Asian Opportunity: Regional and Global Leadership
- Common Market: India must take a leadership role in forming an Asian common market, engaging ASEAN and African economies through bilateral and regional trade frameworks.
- These markets are projected to surpass U.S. and European consumption, and India’s cooperation with them will solidify its influence in a new trade-centric world order.
- AI: Moreover, India has the potential to become a global leader in artificial intelligence and open-source software.
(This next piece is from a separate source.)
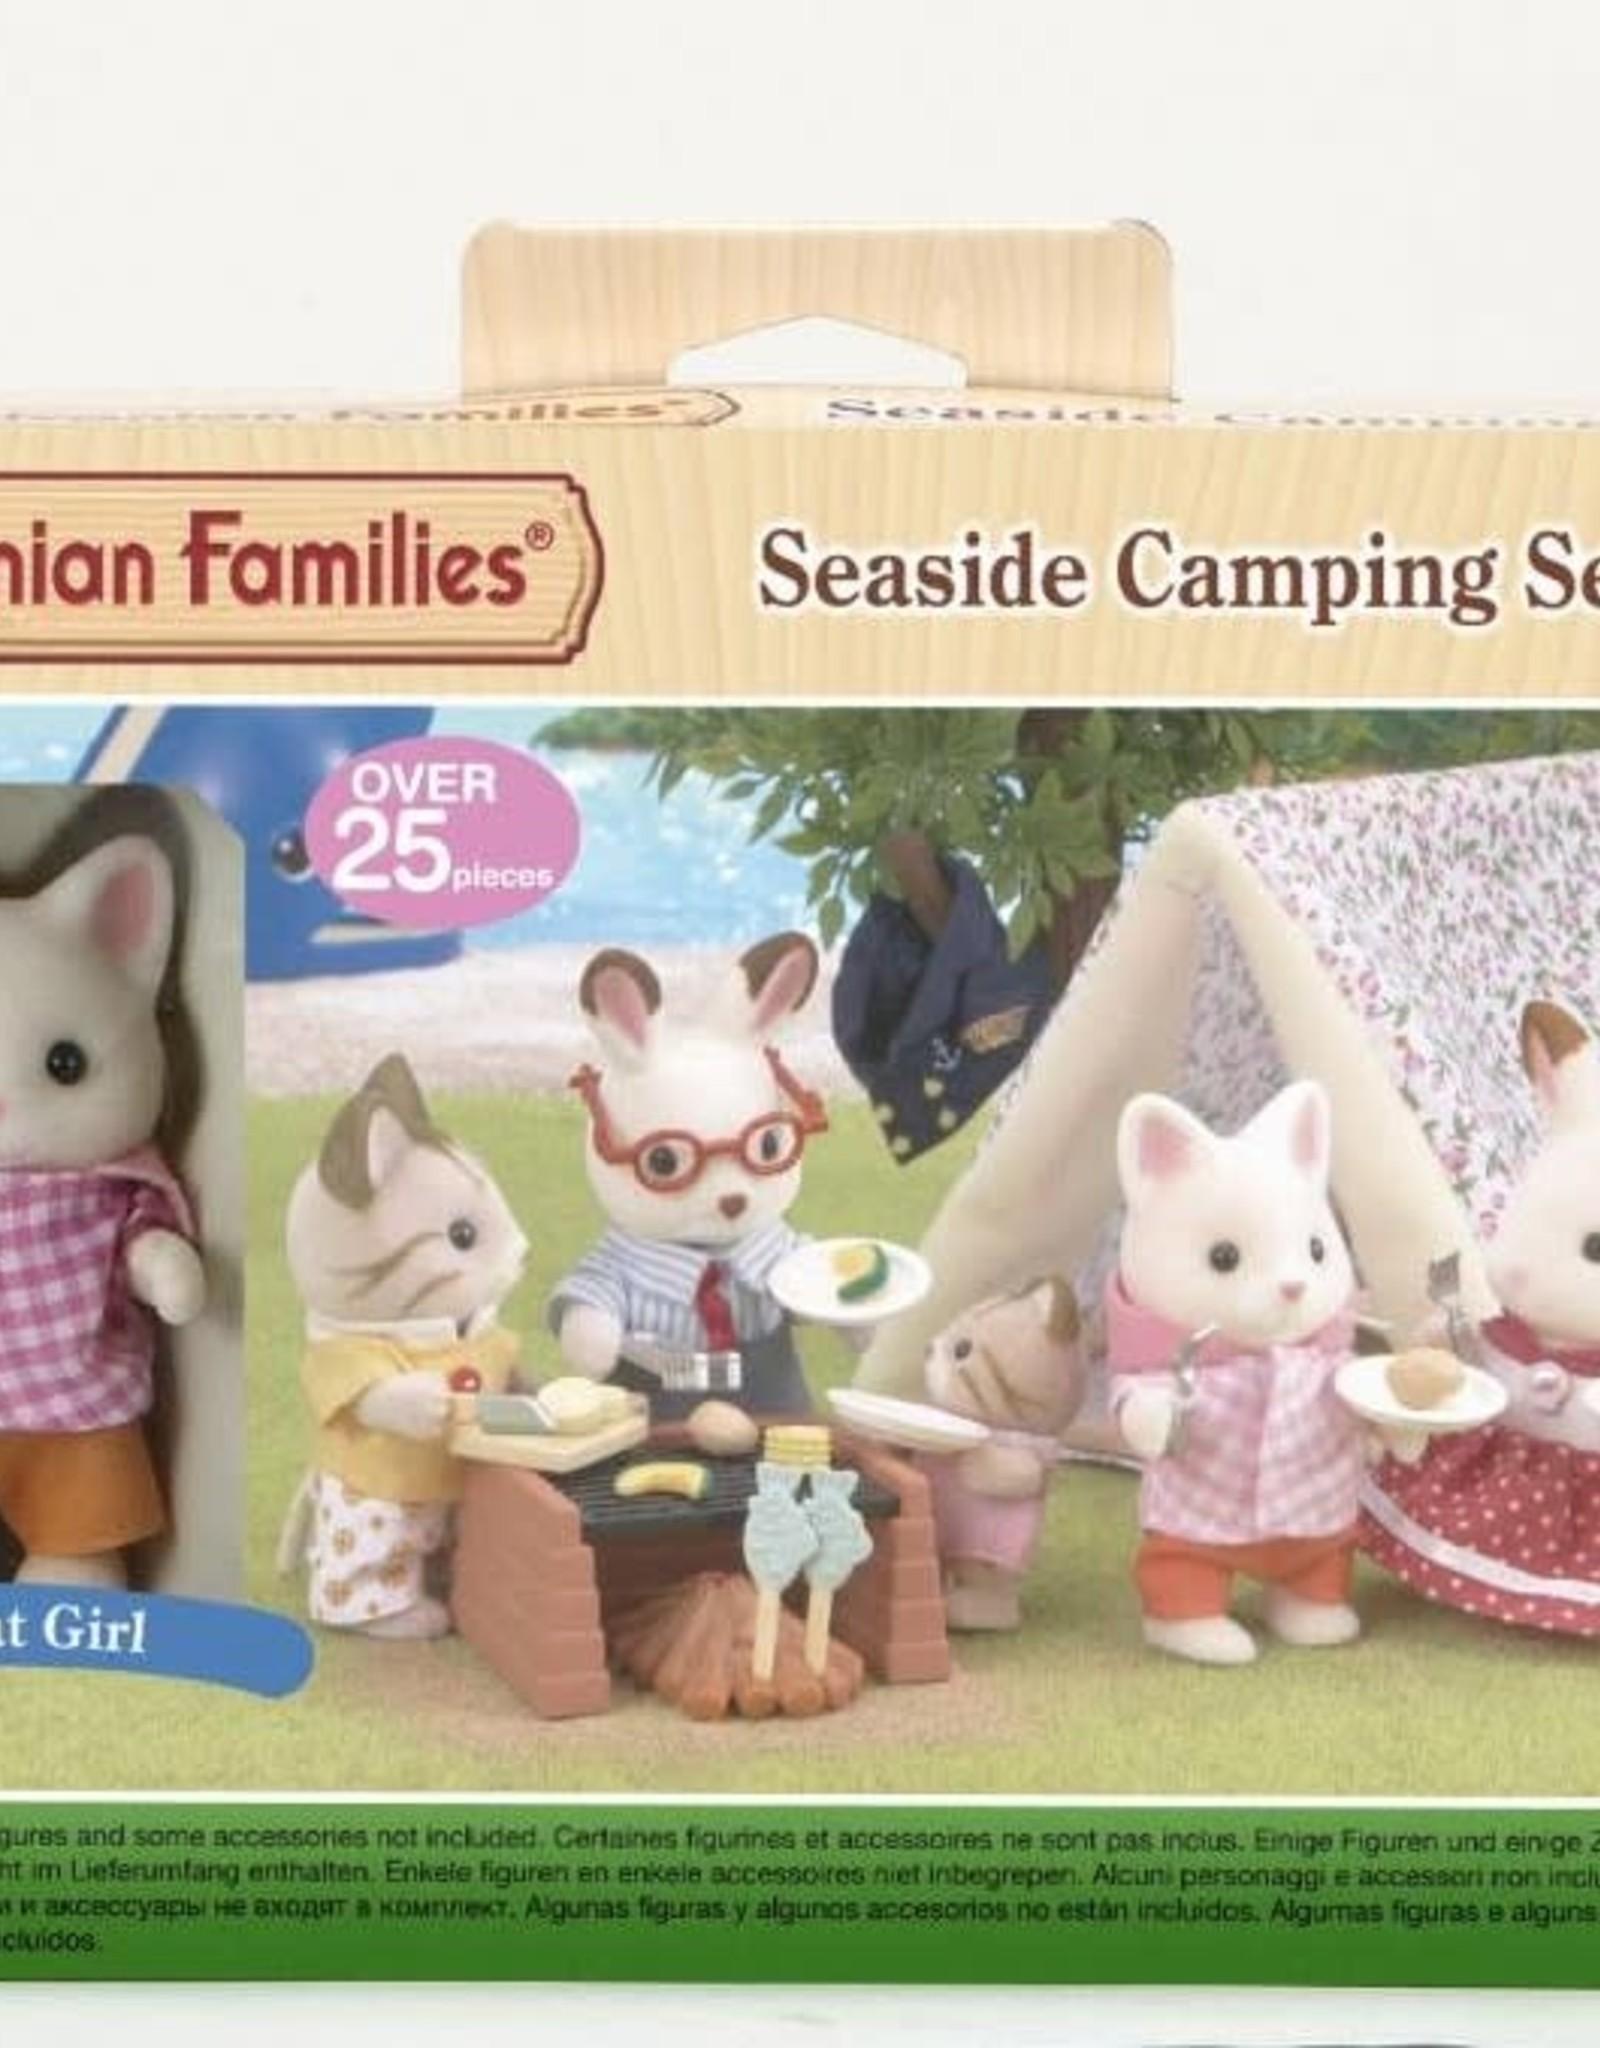 Sylvanian Families Seaside Camping set

- With its digital public infrastructure (such as Aadhaar and UPI), vast datasets, and skilled IT workforce, India can create Large Language Models (LLMs) and AI systems that rival the best in the world—transforming it into a true cyber power.
Lessons from China’s Rise
- China’s economic success lies in its national consensus and a homegrown path to development, independent of Western models.
- Prosperity, not just GDP growth, should be India’s core objective.
- Metrics like patents and technological achievements now signal a nation’s future strength more than traditional indicators.
- India must invest in lowering energy costs, particularly electricity, to drive industrial growth.
- Simultaneously, academic-industry-government collaboration must frame “grand challenges” in AI, climate tech, and digital trade that align with India’s unique advantages and global aspirations.